Although we cannot make direct comparisons between tasks since the conditions differ, when using baseline, the results in workload show that overall users’ perceived workload was higher with multiple short passages (Task 1) than with longer passages (Task 3). Implying that reading multiple documents was more demanding than reading a single long document as it involved frequently re-orienting document windows. This further strengthens the usability of Gaze Select-and-Snap, and how much positioning is important in reading documents in VR settings.
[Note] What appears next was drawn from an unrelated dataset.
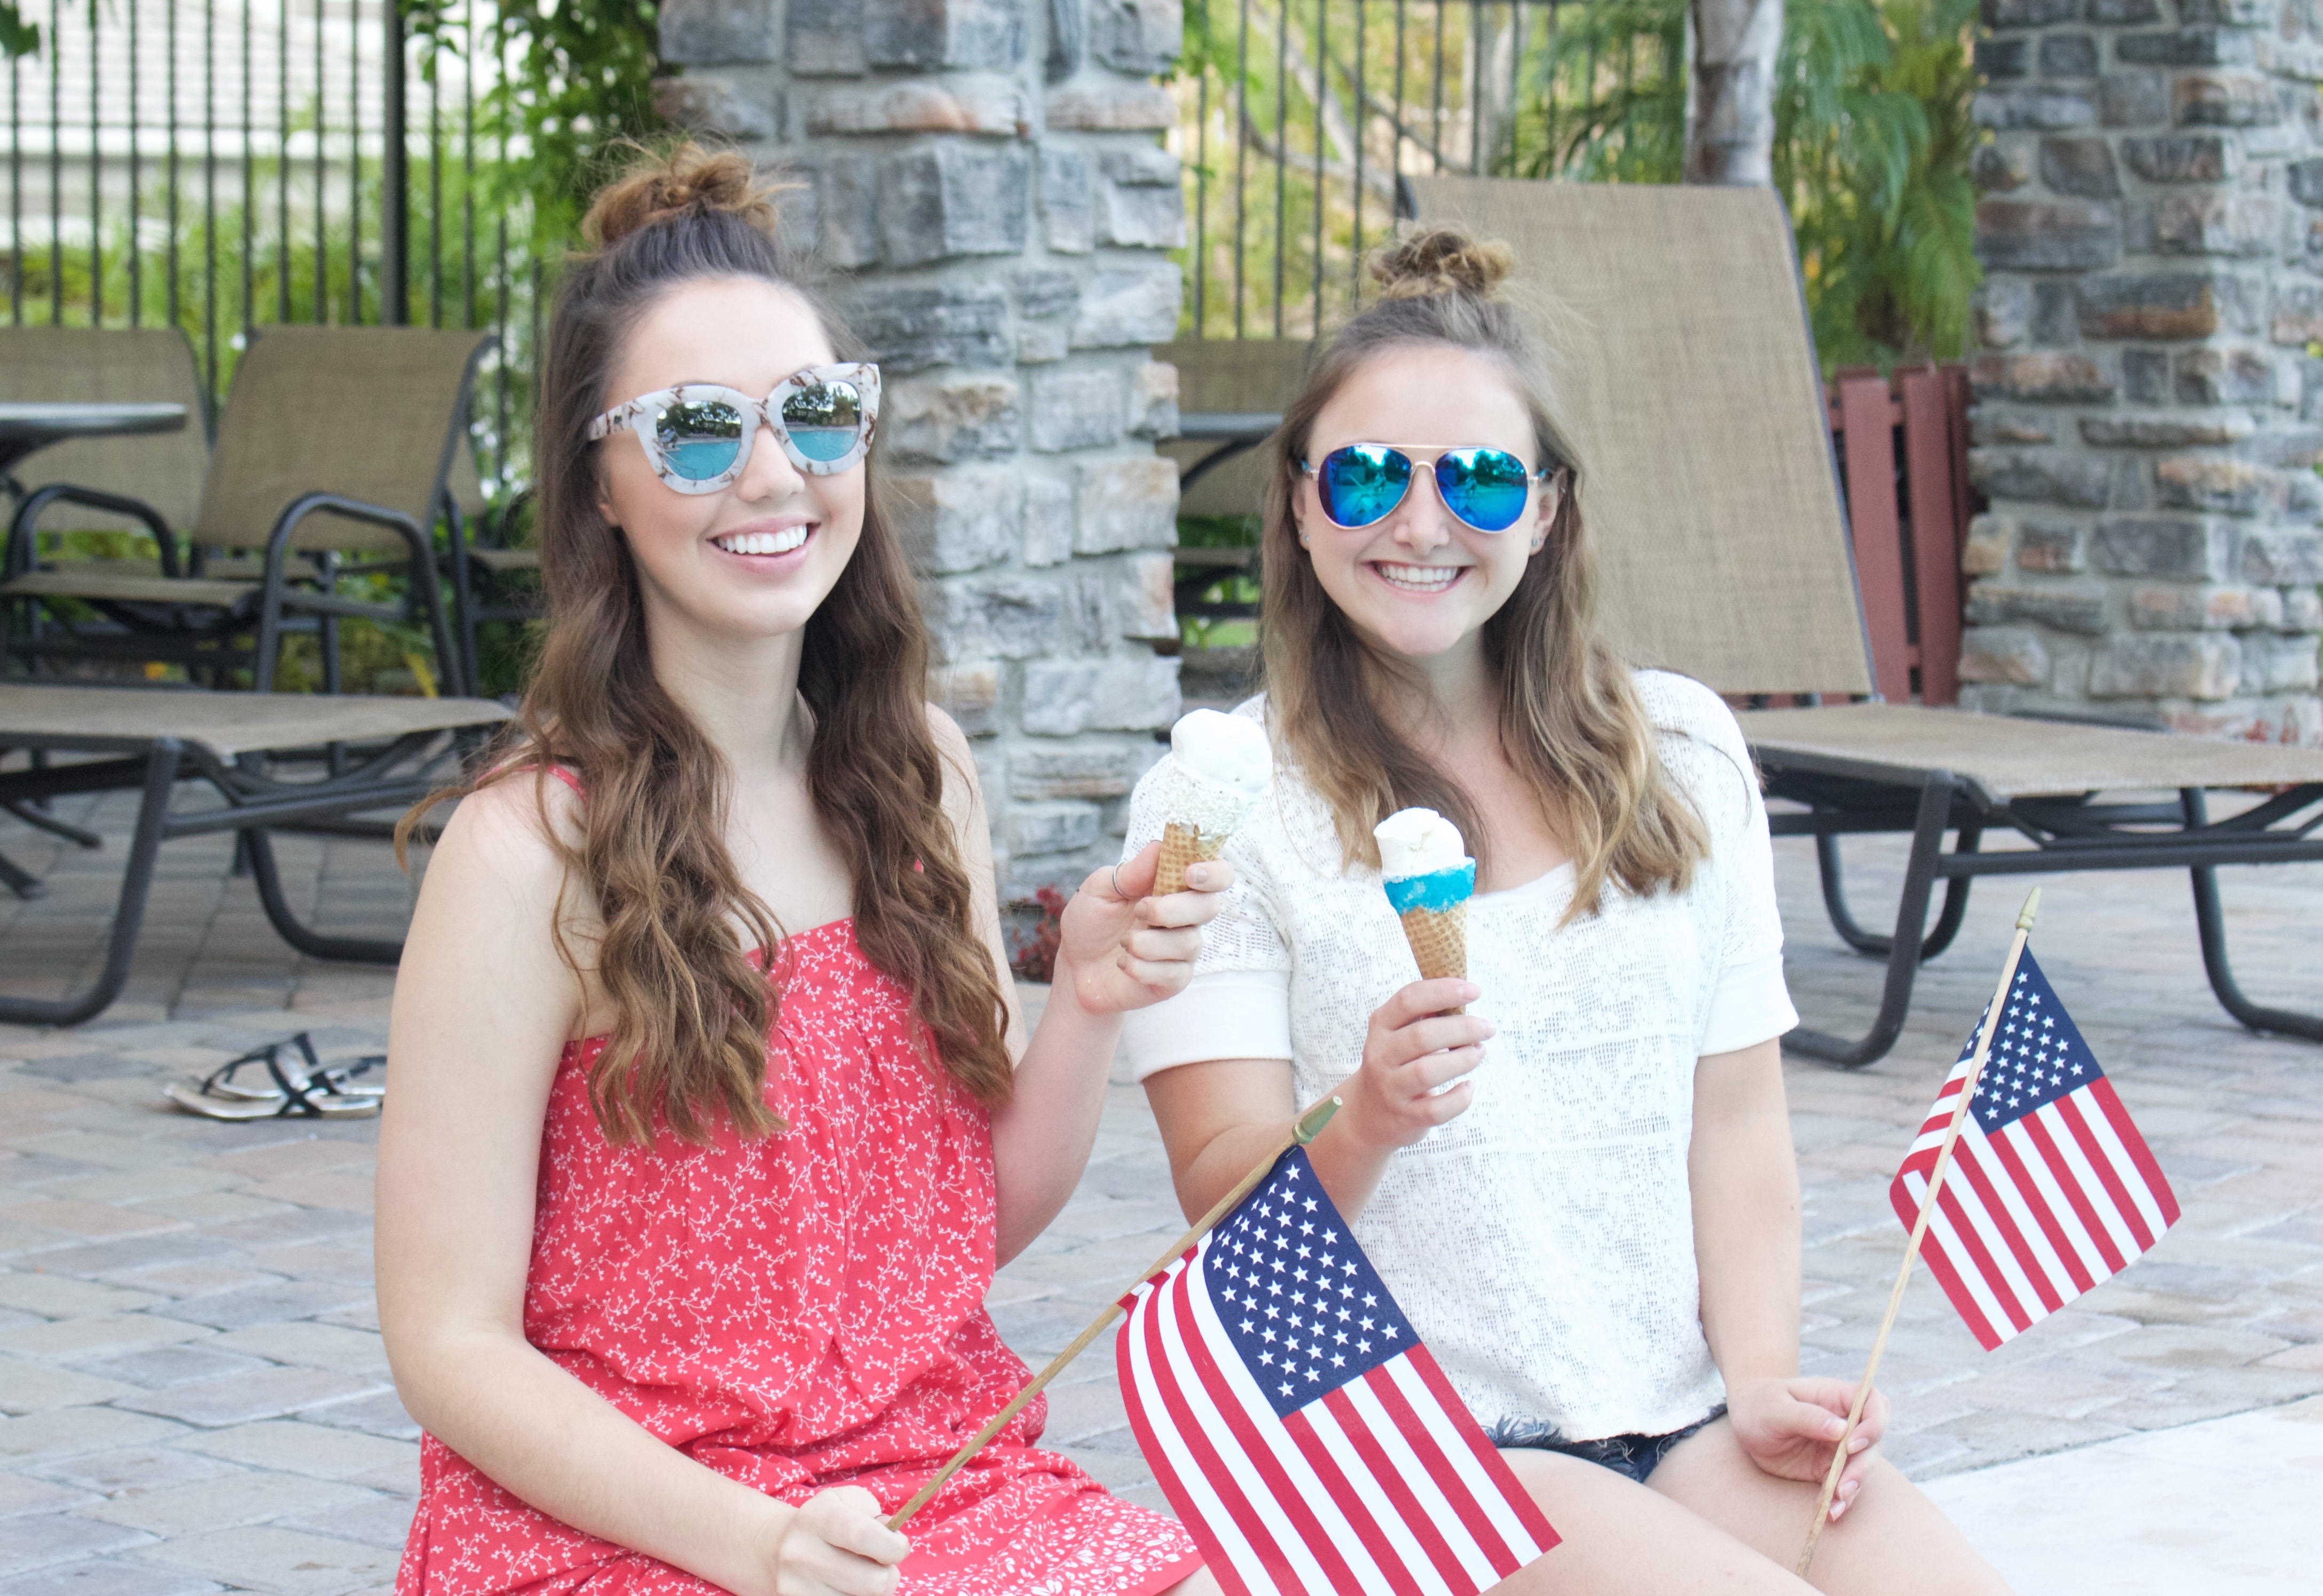 4th of july treat - ice cream cones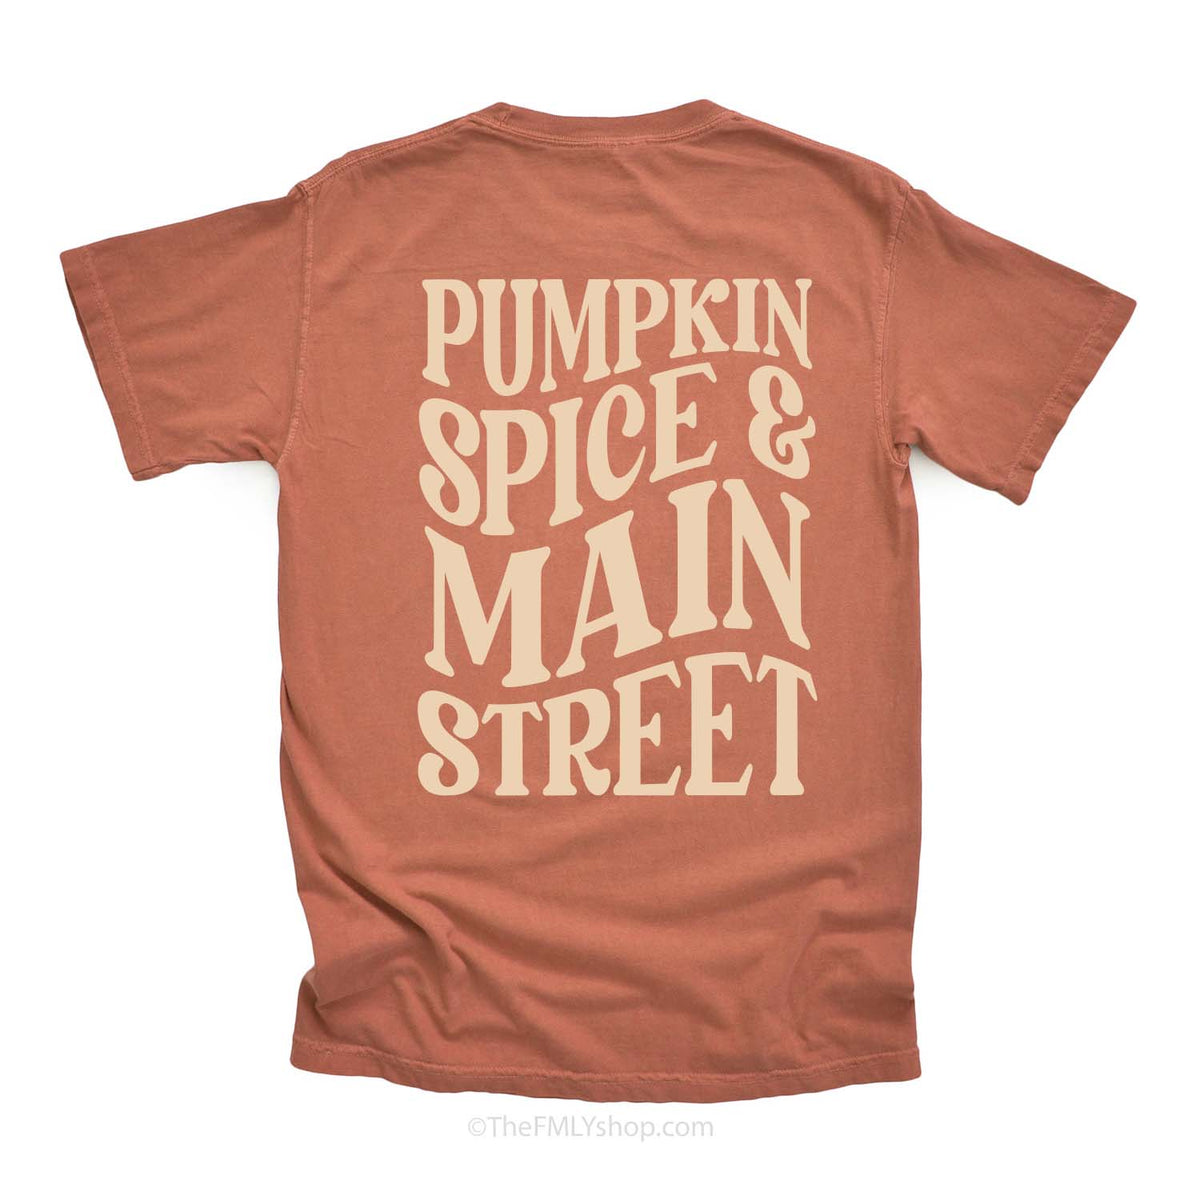 Pumpkin Spice and Main Street Tee

5.2 Gaze MagGlass on Readability
The quantitative results of the ‘readability’ prove that Gaze MagGlass successfully enhances users’ perceived readability when reading in VR. Gaze MagGlass was the only feature that had an on/off option, since, even in a real-world scenario, we do not require magnification glasses at all times. For Task 2 and Task 4, we were able to observe that Gaze MagGlass was activated for more than half of the time. This means that this is a necessary feature for reading in VR that will likely be used. When participants were only provided with the baseline, they often moved their position to better read the passage or reached out to grab the document and manually move the document towards them.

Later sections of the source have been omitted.